A multi-row sprocket is a complicated part widely used in chain driving systems for mining machinery and equipment, such as scraper conveyers. The tooth profiles of multi-row sprockets are conventionally machined using a hobbing process, which wastes material and lowers their strength. Common failures of sprockets in the complex environment of a coal mine are excessive wears and tooth fractures (Wang et al. 2012). The chain and multi-row sprockets often bear larger static and dynamic loads in the impact-fluctuating work conditions of a scraper conveyer (Jiao et al. 2014). Therefore, improving the strength of multi-row sprocket plays an extremely important role in the driving system of mining equipment. Thipprakmas (2011) presented the fine-blanking process for manufacturing sprockets improving their strength with simple processing operations, reducing production time and costs. Takagi et al. (2009) used the technology of powder metallurgy to compact the housing sprocket while maintaining dimensional tolerances and strength. As a whole, the precision forging of multi-row sprockets is a complex process with severe plastic deformation (SPD) which improves the mechanical properties of forged parts.
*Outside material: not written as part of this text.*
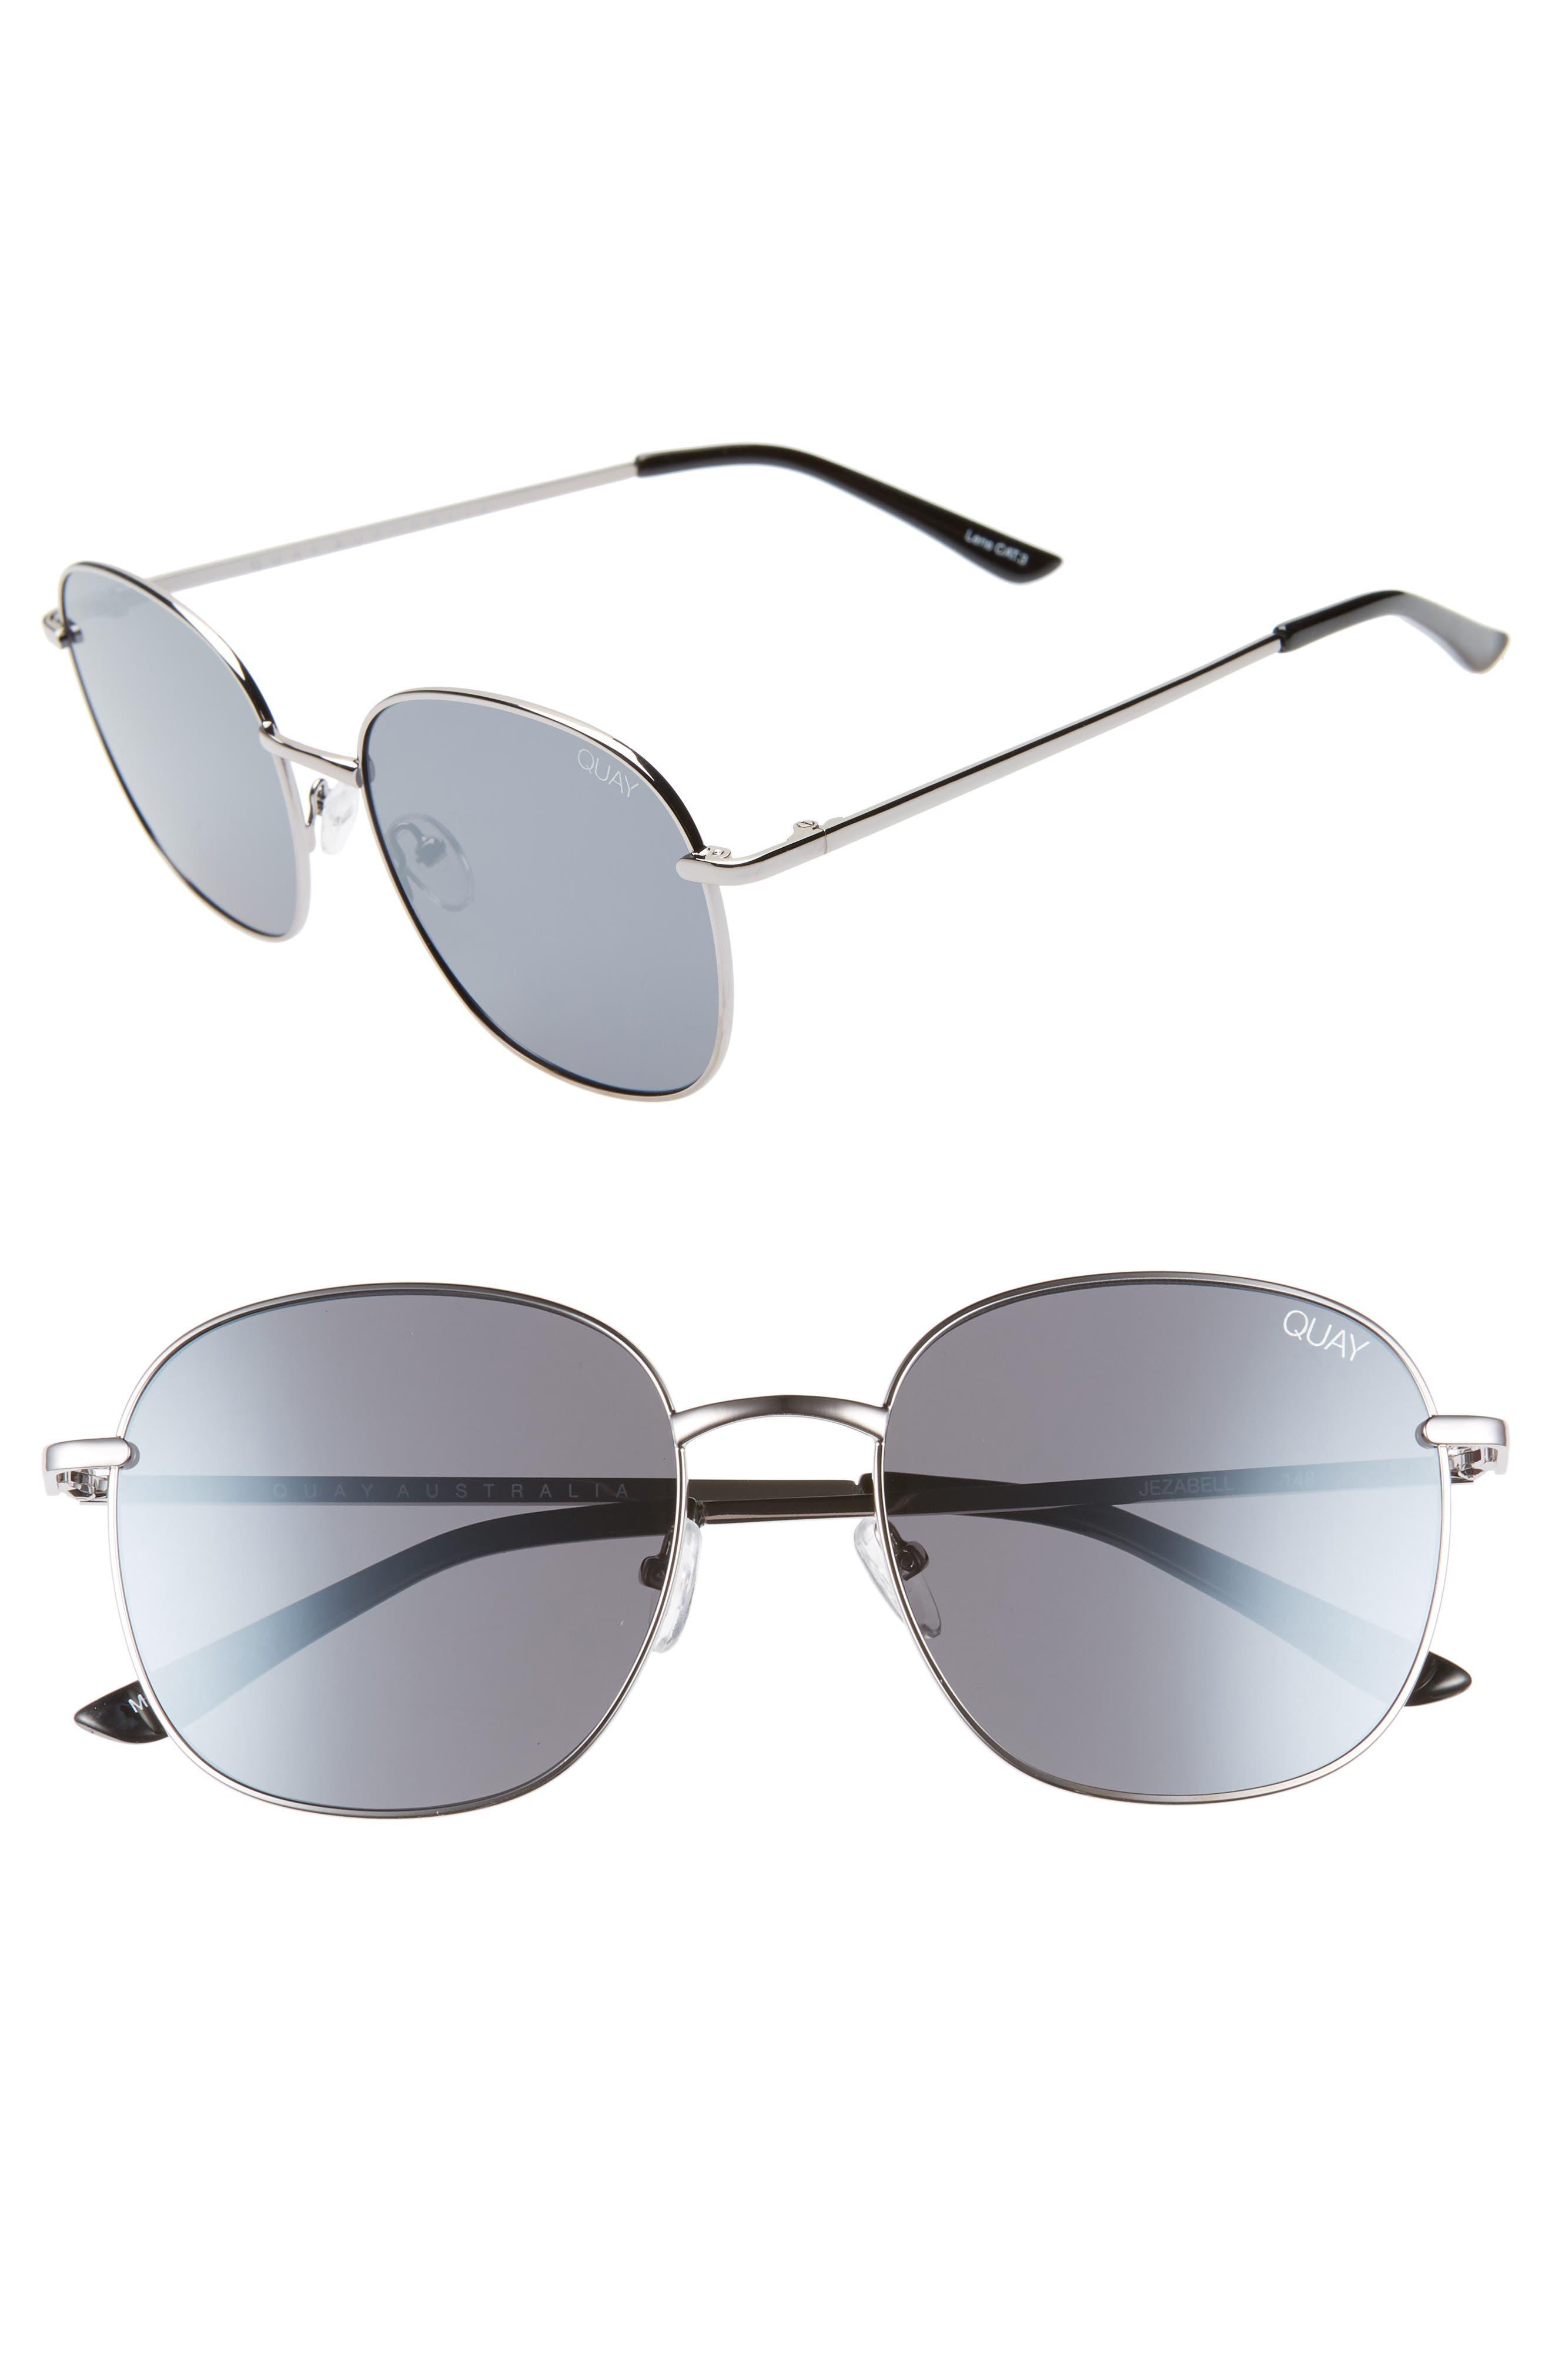 QUAY AUSTRALIA Jezabell 57mm Round Sunglasses, Main, color, GUNMETAL / SILVER MIRROR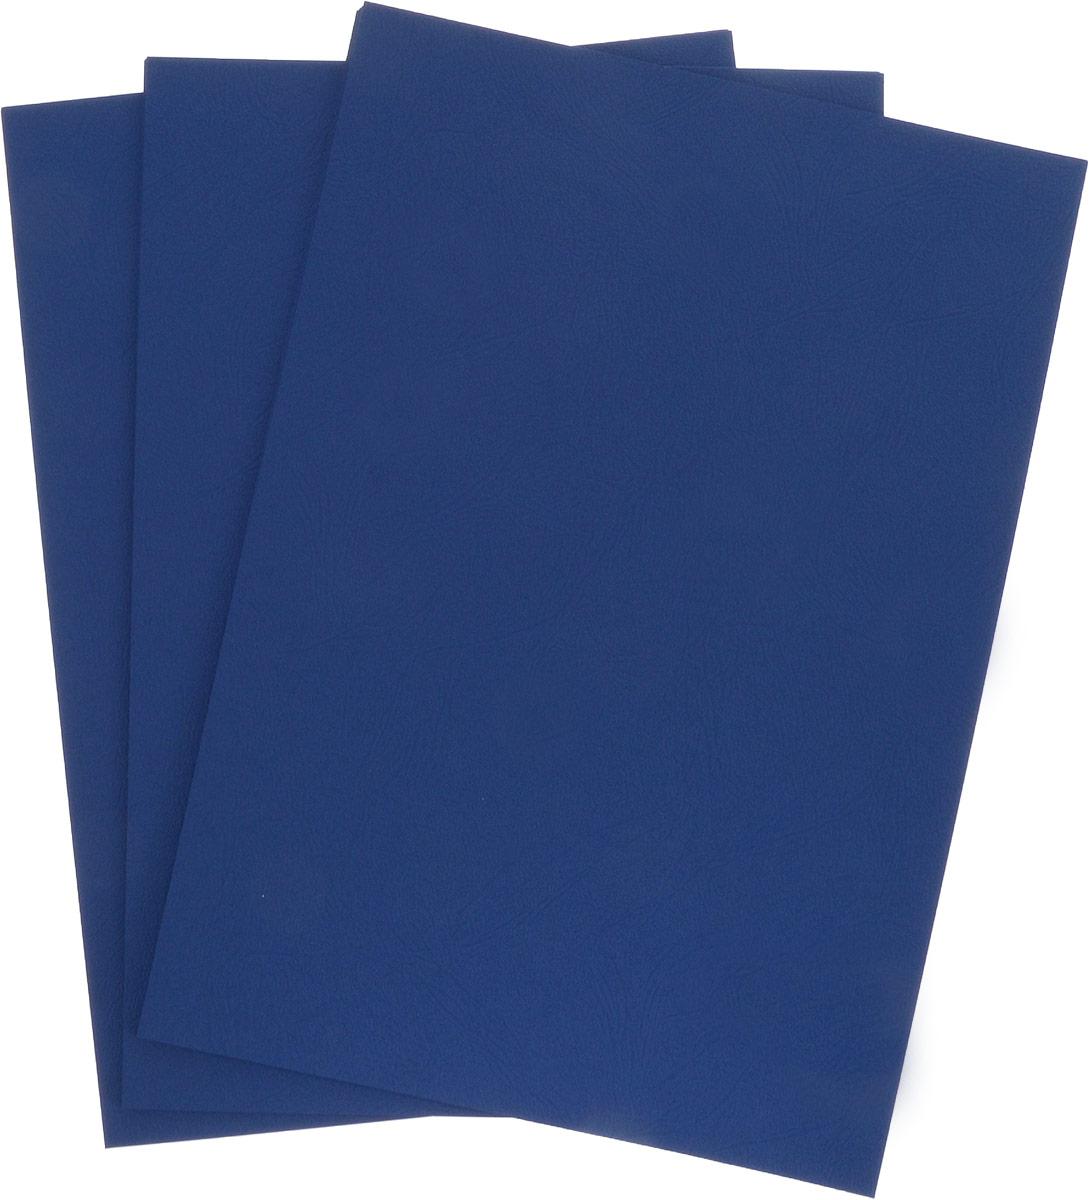 Fellowes FS-53739 Delta A4, Blue обложка для переплета (25 шт)FS-53739Обложка Delta предназначена для оформления документов. Обложка выполнена из картона 250гр/м., тиснением под кожу, 25 штук в розничной упаковке. Идеально подходит как для переплета на пластиковую, так и на металлическую пружины.

In recent years, many researchers have reported the analysis process of forging gears using the upper-bound method and finite element method, but no attempt has been made to analyze the precision forging of multi-row sprockets. Upper-bound and FE methods are characterized by less computation time and reasonable accuracy (Can and Misirli 2008). Choi et al. (2000) proposed a mathematical method using the upper-bound method to forge a spur gear from a hollow billet. Choi and Choi (1998) also modeled a new tooth profile to obtain a more practical method to analyze the kinematically admissible velocity fields in external spur gear forging. Politis et al. (2014) established a simplified FE model to obtain the material flow behaviors and thickness distributions of forged Bi-metal gears. Compared with analyzing spur gear forging using the upper-bound and finite element methods above, the cold semi-precision forging with upper-bound and finite element methods for multi-row sprockets is a new approach to establishing similarity in the tooth profiles of the gear and sprocket.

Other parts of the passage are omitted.